DEFI heads into today's Q1 2026 results with a stock that has already done a lot of the work ahead of the print.
The price tells the story most clearly. DEFI closed at CAD 1.12, up 18% on the day prior to the release and nearly 9% higher on the month. That move came with real follow-through: the stock added 7% across the past week as the broader crypto-linked equity space caught a bid. Close peer HODL surged 53% on the week, and CWD gained 17% — a rising tide that gave DEFI additional lift. The stock was moving before investors had seen a single line of the results.

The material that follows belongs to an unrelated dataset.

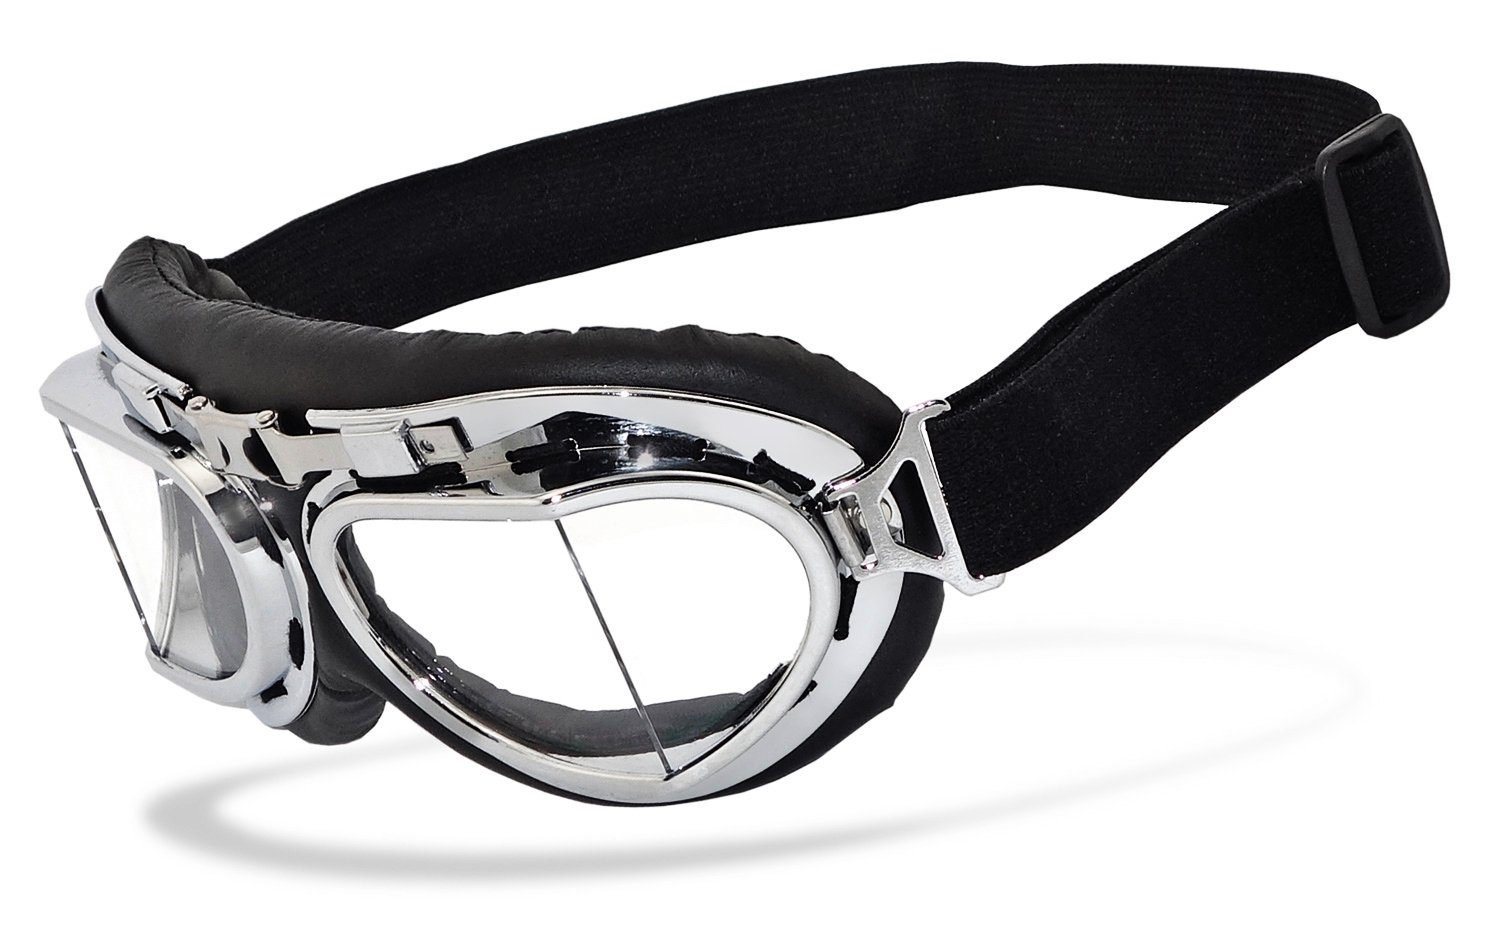 Chillout Rider Motorradbrille rb-2, Motorradbrille mit Sicherheitsglas

Short sellers have been stepping back, not pressing into the rally. Short interest has fallen roughly 19% over the past month to just 0.37% of the free float — a level too small to represent a meaningful structural short position. The lending market reinforces this: availability is moderately tight, with about one-third of the lending pool still unused, and the cost to borrow runs around 2.5% annualised — modest by any standard. The ORTEX short score of 45.6 is middling and has barely moved in two weeks. Shorts are not the story here.

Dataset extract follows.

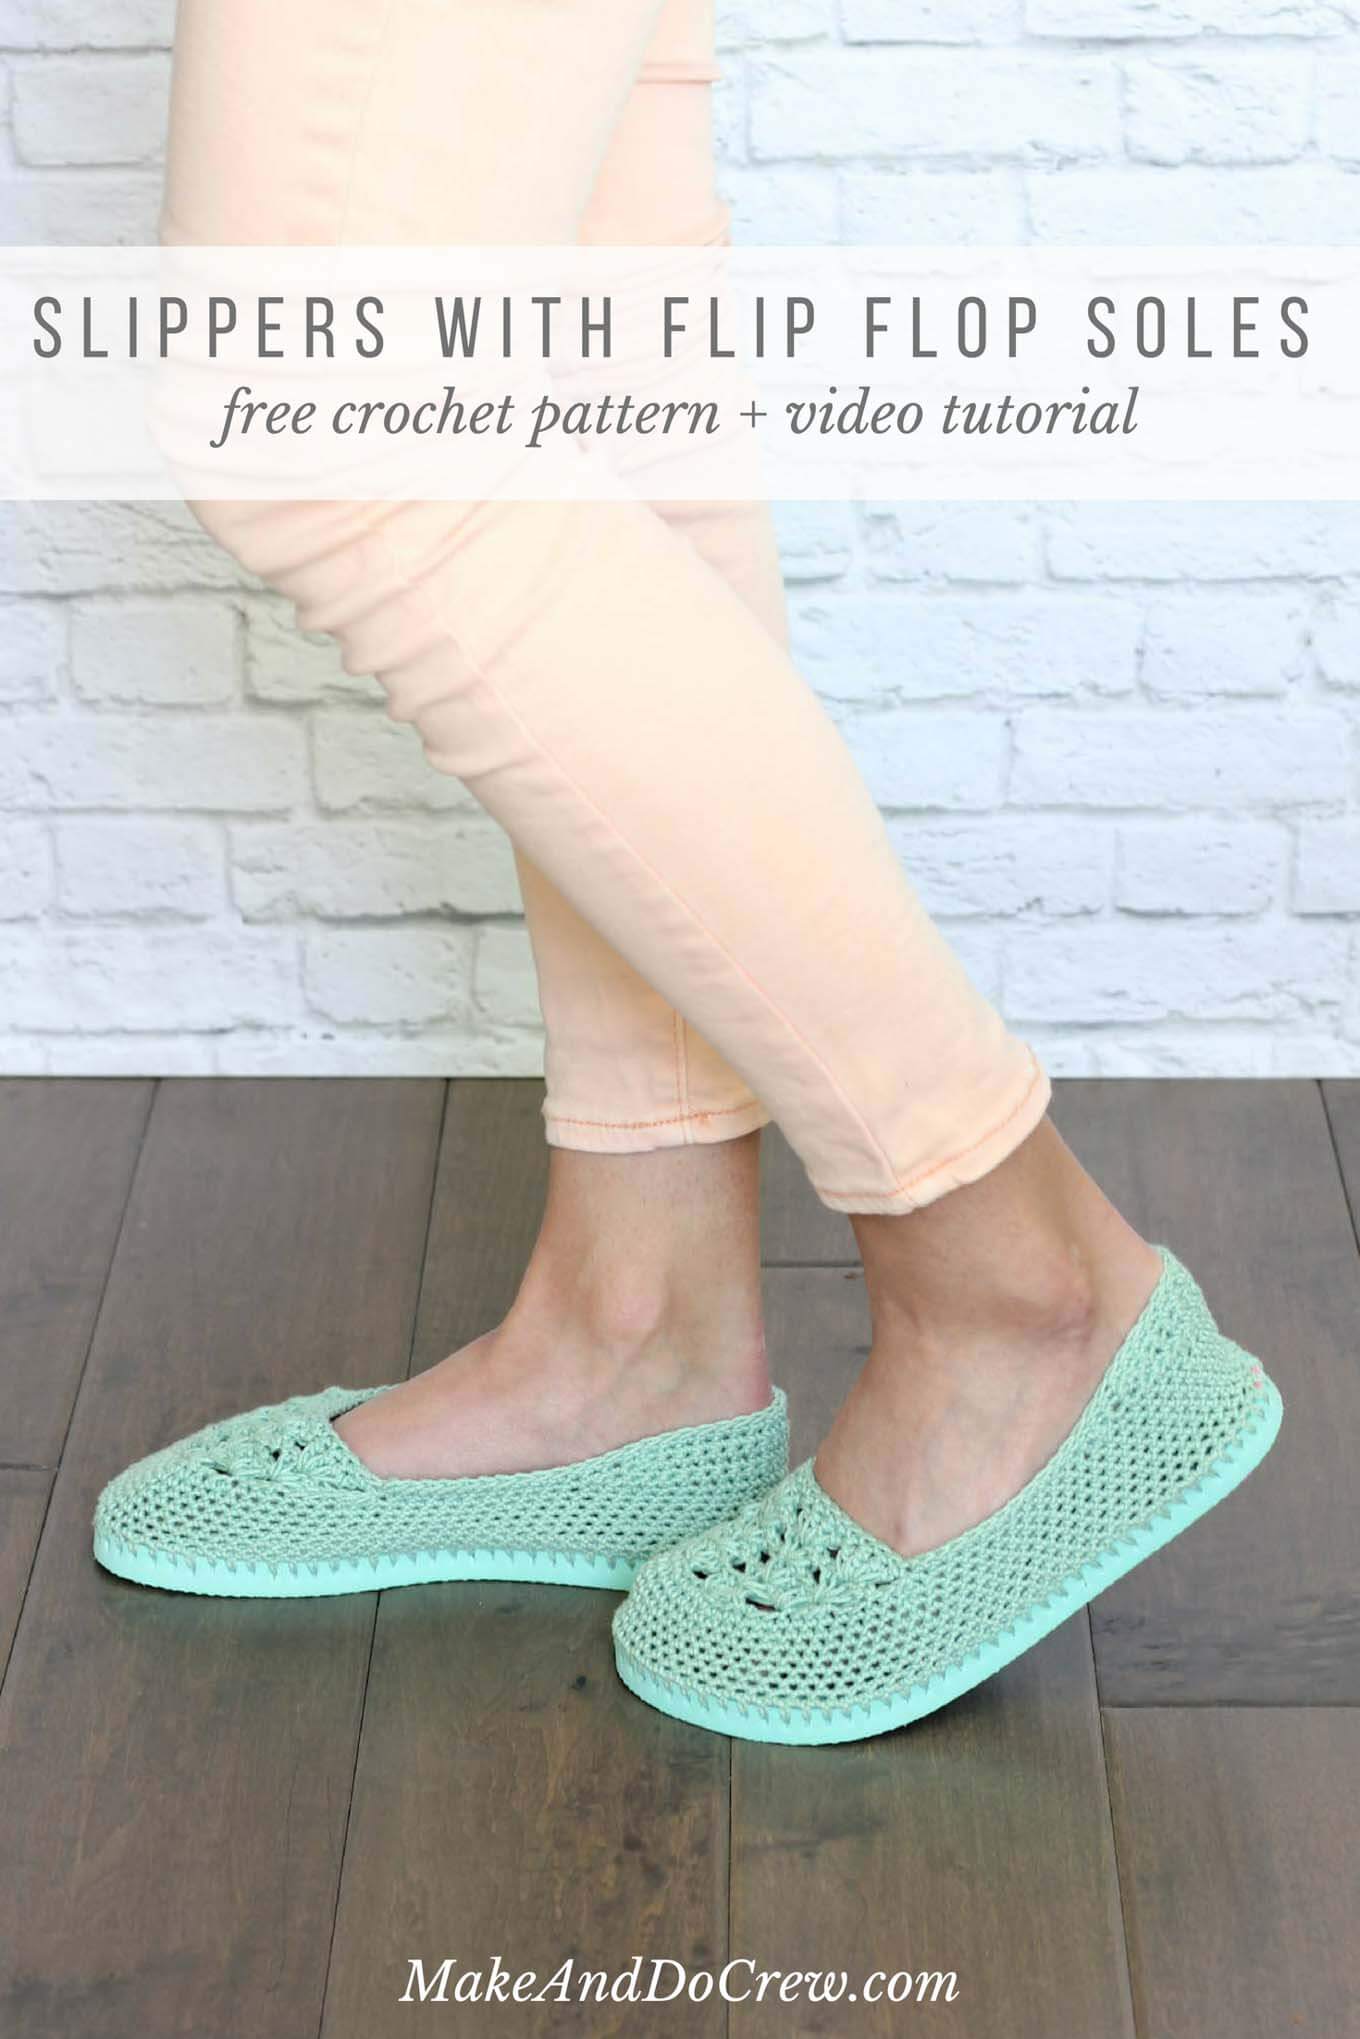 crochet projects for adults free crochet slippers pattern flip flops sole makeanddocrew

The results themselves give investors something real to chew on. Q1 revenue came in at $11.2 million — down sharply from $43.8 million a year ago — while EPS of $0.01 compares to $0.10 in Q1 2025. Net income held at $4.9 million, reflecting the company's asset-heavy balance sheet rather than operating earnings momentum. The factor scores sharpen the tension: 30-day EPS momentum ranks in the 99th percentile, suggesting near-term estimate revisions have been running hot, but 90-day EPS momentum sits at just the 1st percentile — a stark divergence that points to a business where short-term noise and longer-term trajectory are pulling in opposite directions. The only analyst price target on record dates from November 2025 and should be treated as stale.

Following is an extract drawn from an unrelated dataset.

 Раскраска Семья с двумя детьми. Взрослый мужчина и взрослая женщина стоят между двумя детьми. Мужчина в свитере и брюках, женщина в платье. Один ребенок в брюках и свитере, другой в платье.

On the institutional side, Millennium Management added roughly 3 million shares through the end of 2025, while Citadel trimmed by a similar magnitude. Galaxy Group and Cable Car Capital both reduced by over 4 million shares. The mixed picture among sophisticated holders mirrors the broader uncertainty: some see the Valour ETP business — which secured $11 million in fresh institutional investment into Hedera products in April — as a durable growth engine. Others are wary of a company whose revenues are tightly correlated with crypto market conditions.
The print is ultimately a test of whether the Valour franchise can rebuild fee-generating AUM fast enough to close the gap left by a year-on-year revenue decline of more than 70%.